The procedure for the test involves comparing the fitted CDF (from a hypothesised distribution) against the empirical CDF (from a cumulative histogram of the data). As with all histograms, the exact shape of the histogram depends on the bins. The difference between the fitted CDF and the empirical CDF is used to find the chi-squared statistic. The specified level of significance (analogous to confidence level), the number of parameters in the hypothesised distribution, and the number of data points is used to obtain the chi-squared critical value from the chi-squared distribution. By comparing the chi-squared statistic with the chi-squared critical value, we can determine whether the hypothesis (that the data are from the specified distribution) should be rejected or accepted. The acceptance criteria is when the the chi-squared statistic is below the critical value.

API Reference

For inputs and outputs see the API reference.

In the example below we import a dataset called mileage which contains 100 values that appear to be normally distributed. Using the function chi2test we can determine whether we should accept the hypothesis that the data are from a Normal distribution with parameters mu=30011 and sigma=10472. This example is based on Example 2.31 (page 63) of Reliability Engineering and Risk Analysis (listed in recommended resources).
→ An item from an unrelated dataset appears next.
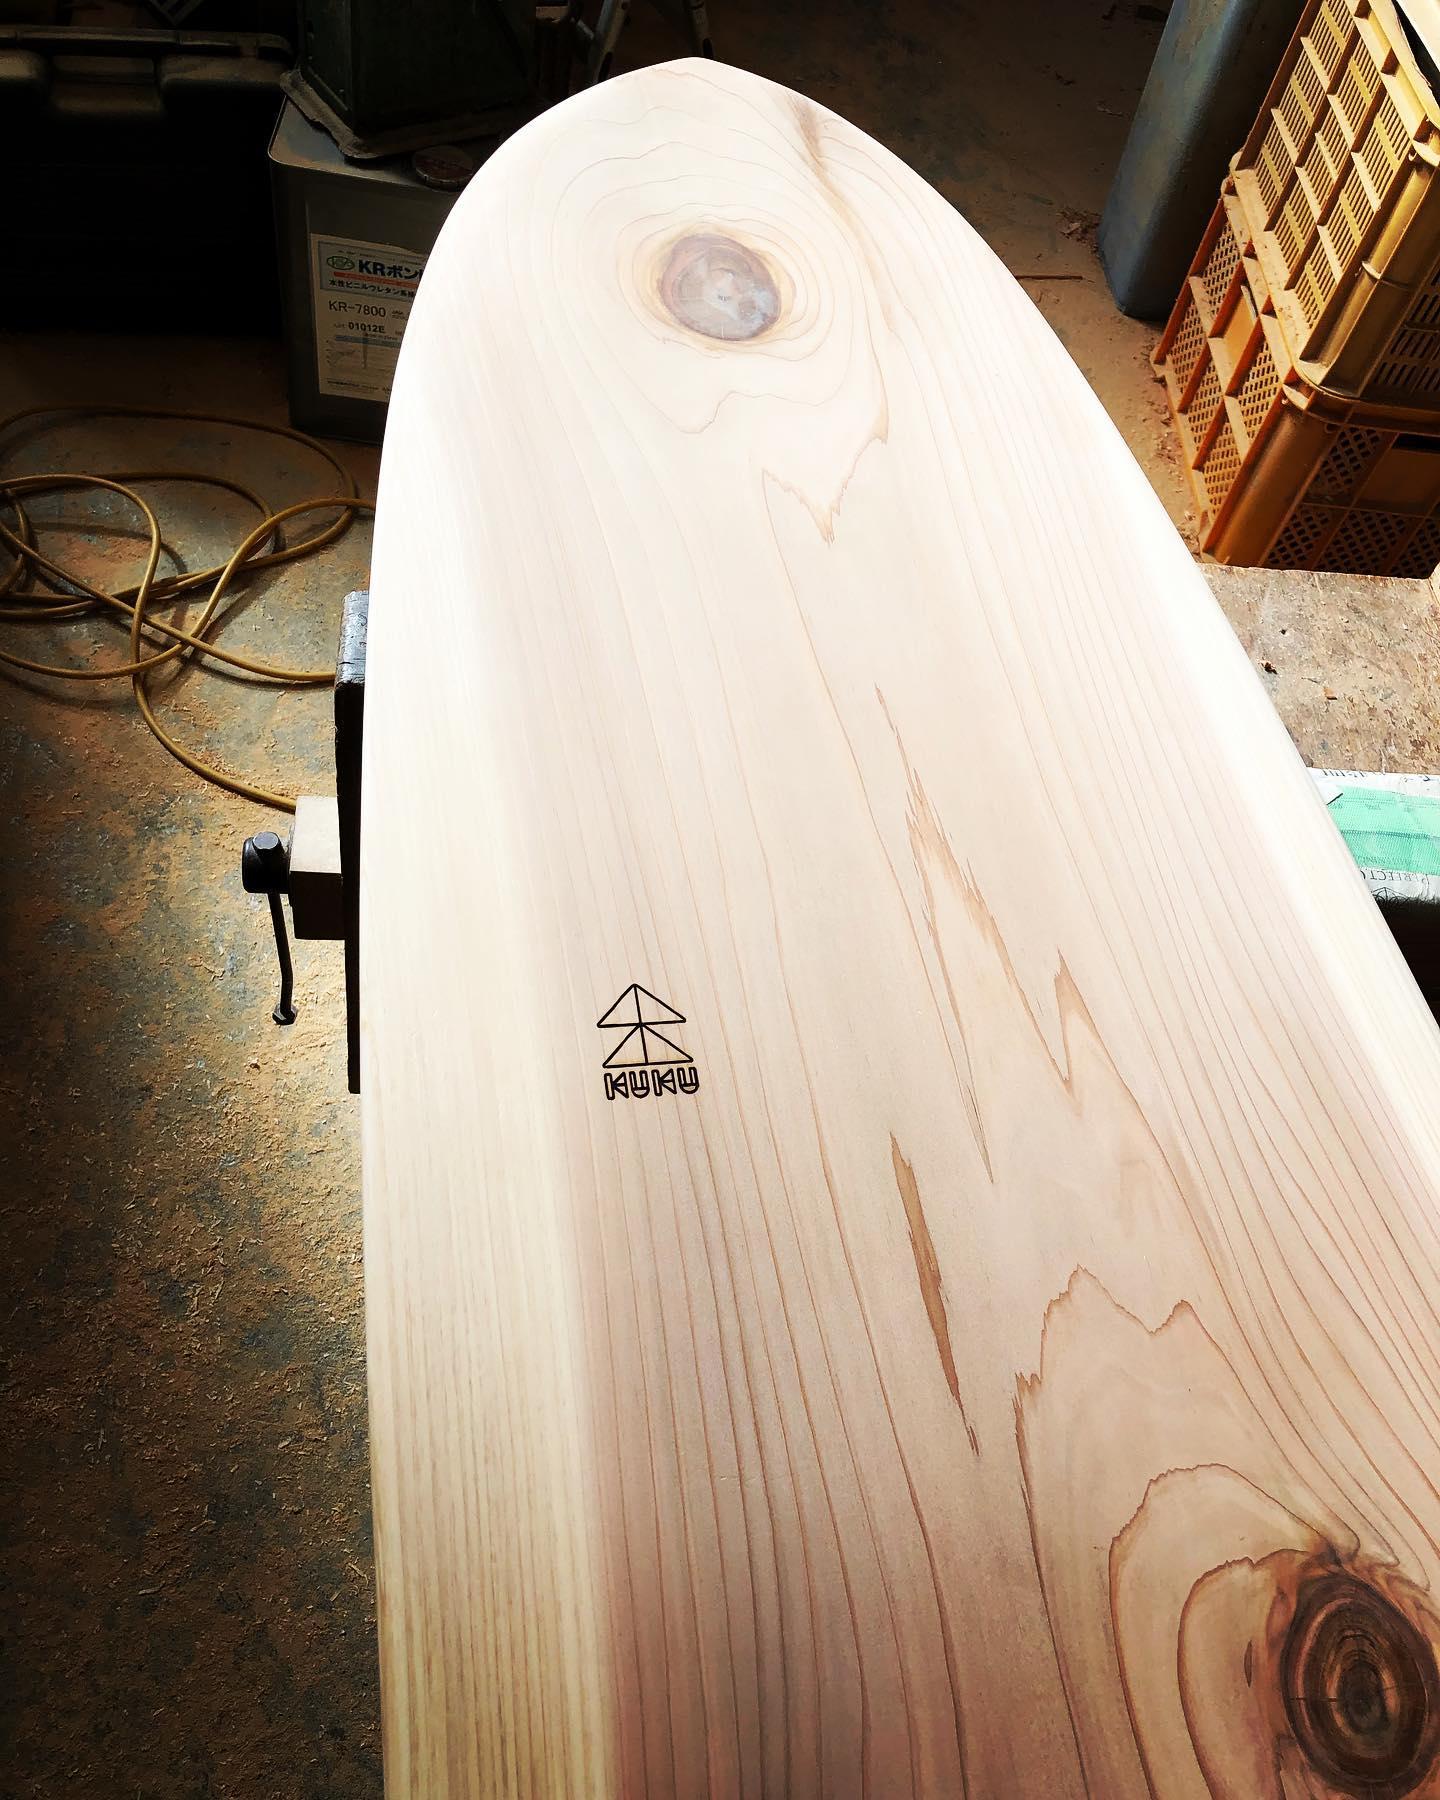 wood board製作レーザー加工でKUKUロゴを入れました〜いよいよ最終の塗装工程へ。#woodboardkuku#木頭杉#樹齢100年 #一枚板#天然木#無垢材#ウッドボード#display #cafe #surfing @woodboardkuku @indianeagleyasu @nakawood
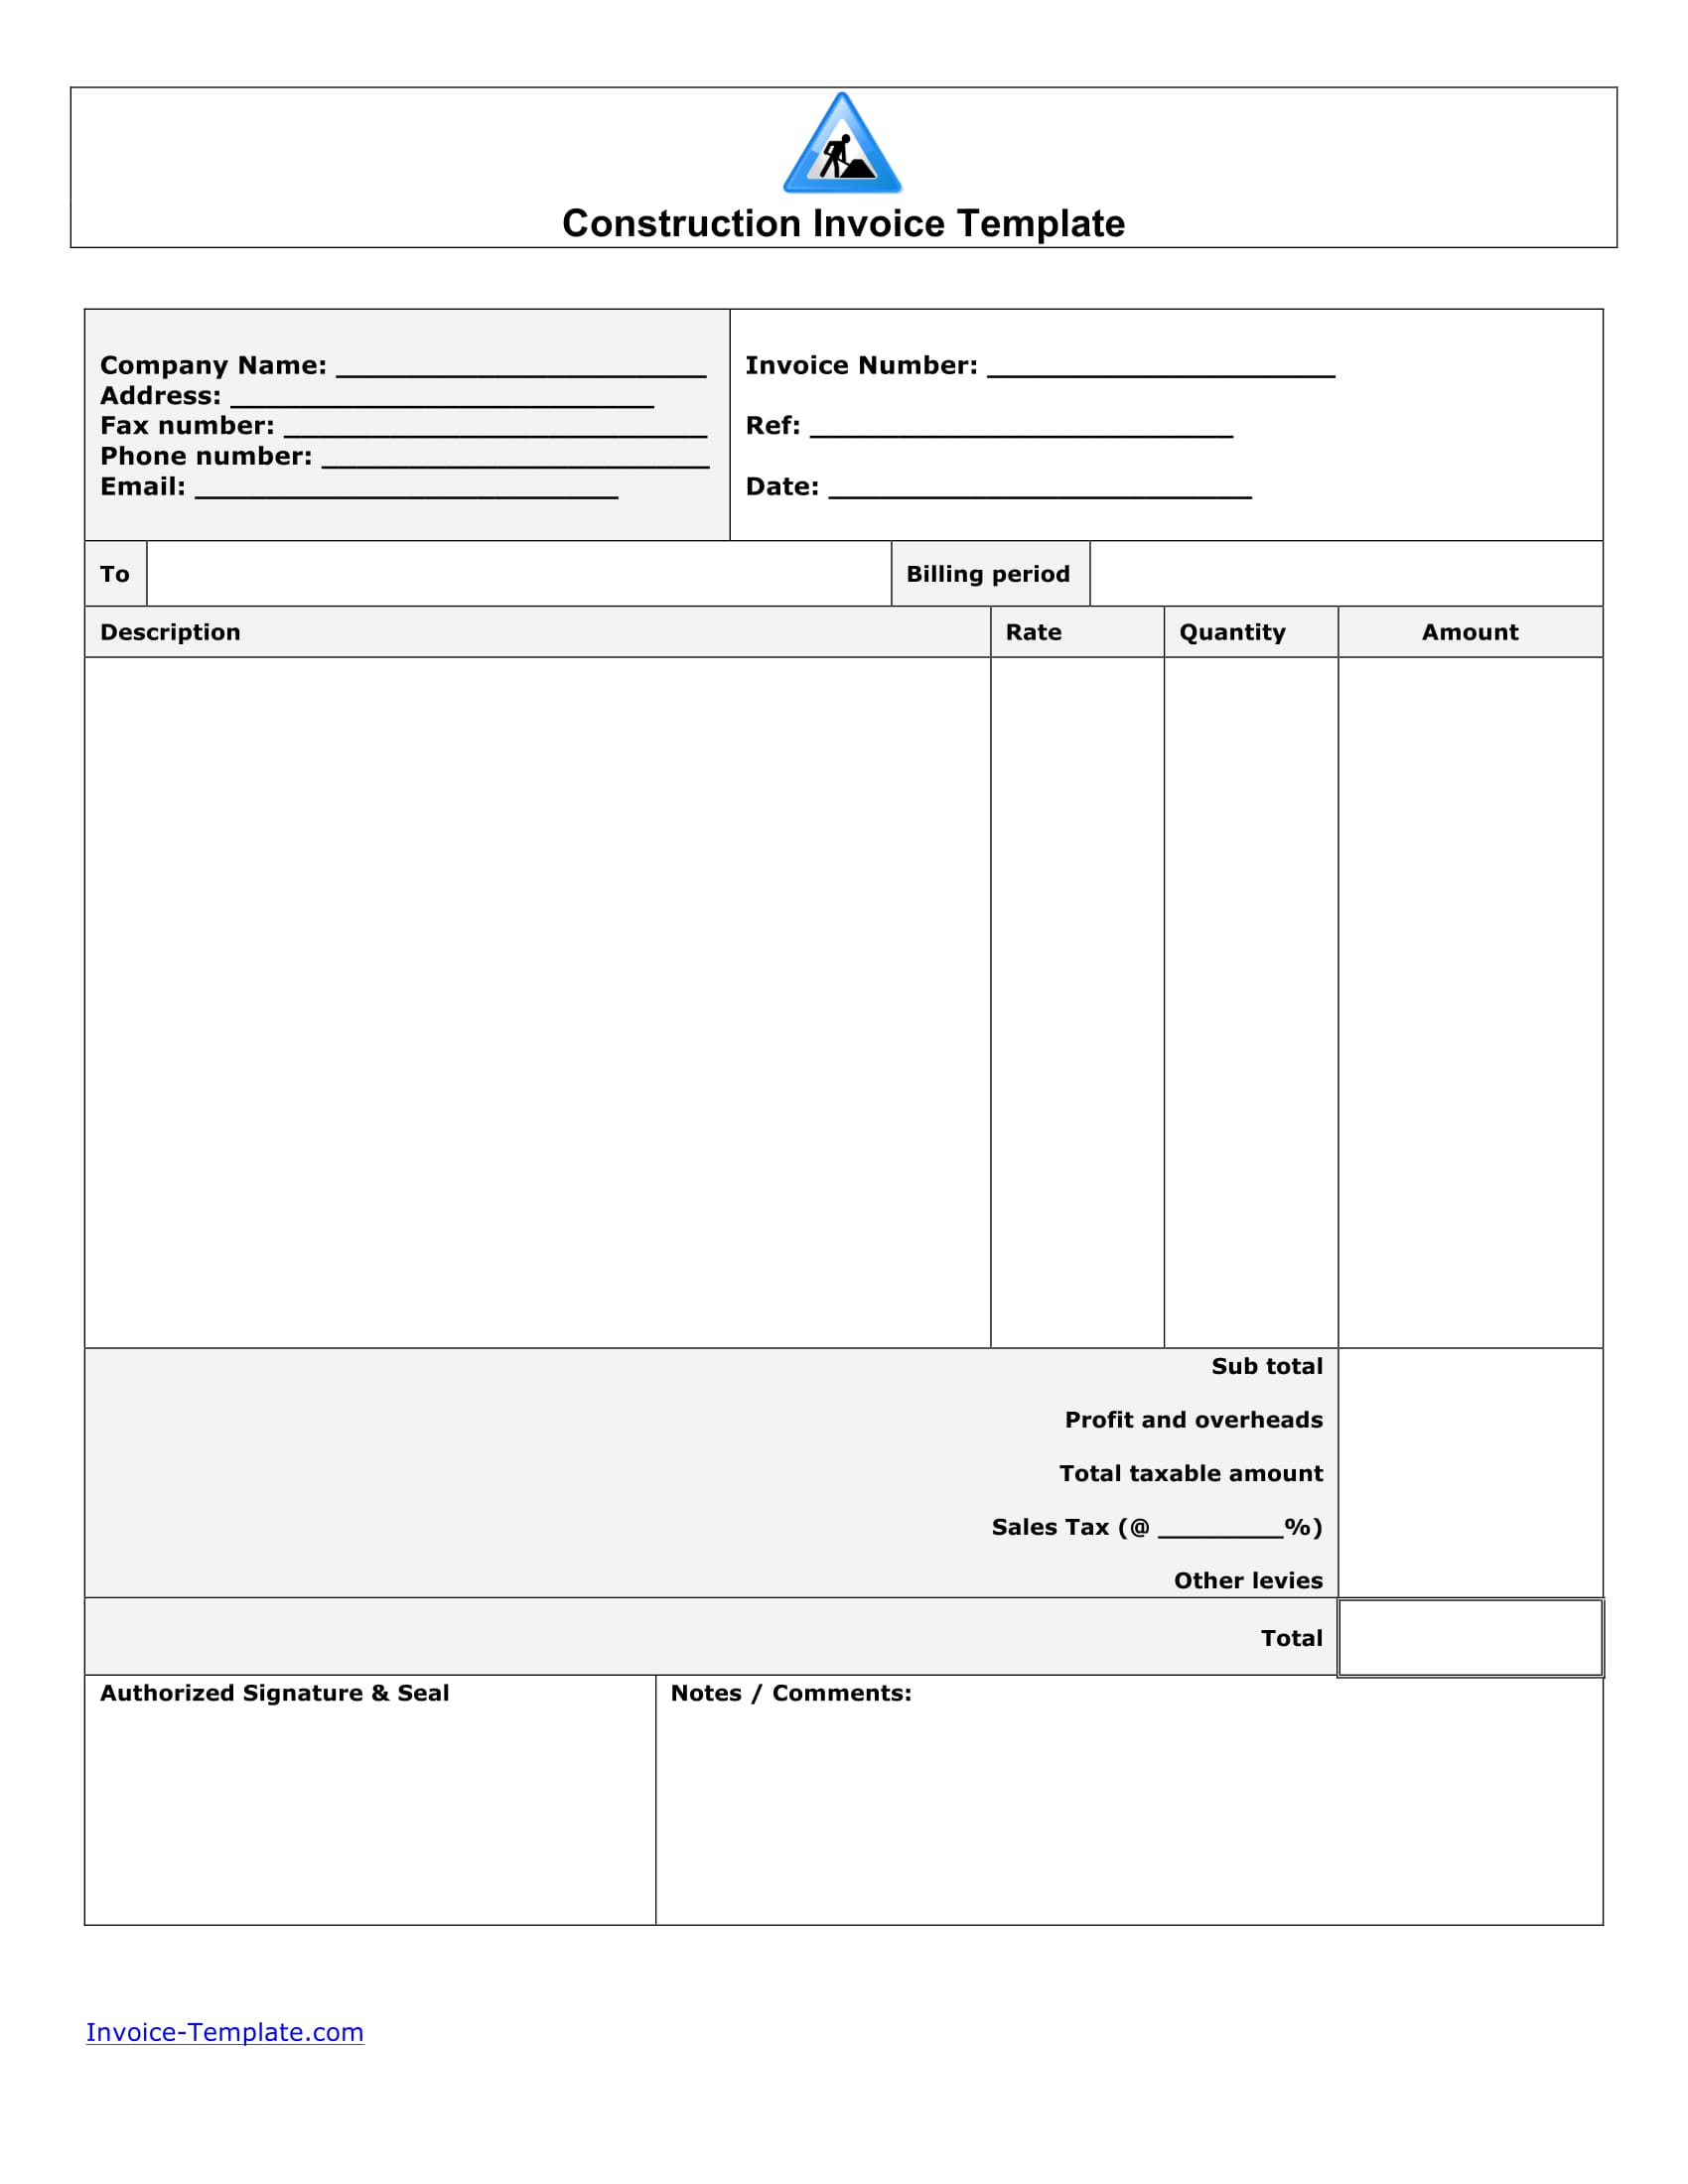 construction invoice form 1

from reliability.Datasets import mileage
from reliability.Distributions import Normal_Distribution
from reliability.Reliability_testing import chi2test
import numpy as np
import matplotlib.pyplot as plt

data = mileage().failures
dist = Normal_Distribution(mu=30011, sigma=10472)
bins = [0, 13417, 18104, 22791, 27478, 32165, 36852, 41539, 46226, np.inf] #it is not necessary to specify the bins and leaving them unspecified is usually best
chi2test(distribution=dist, data=data, bins=bins)
plt.show()

'''
Results from Chi-squared test:
Chi-squared statistic: 3.1294947845652
Chi-squared critical value: 12.591587243743977
At the 0.05 significance level, we can ACCEPT the hypothesis that the data comes from a Normal Distribution (μ=30011,σ=10472)
'''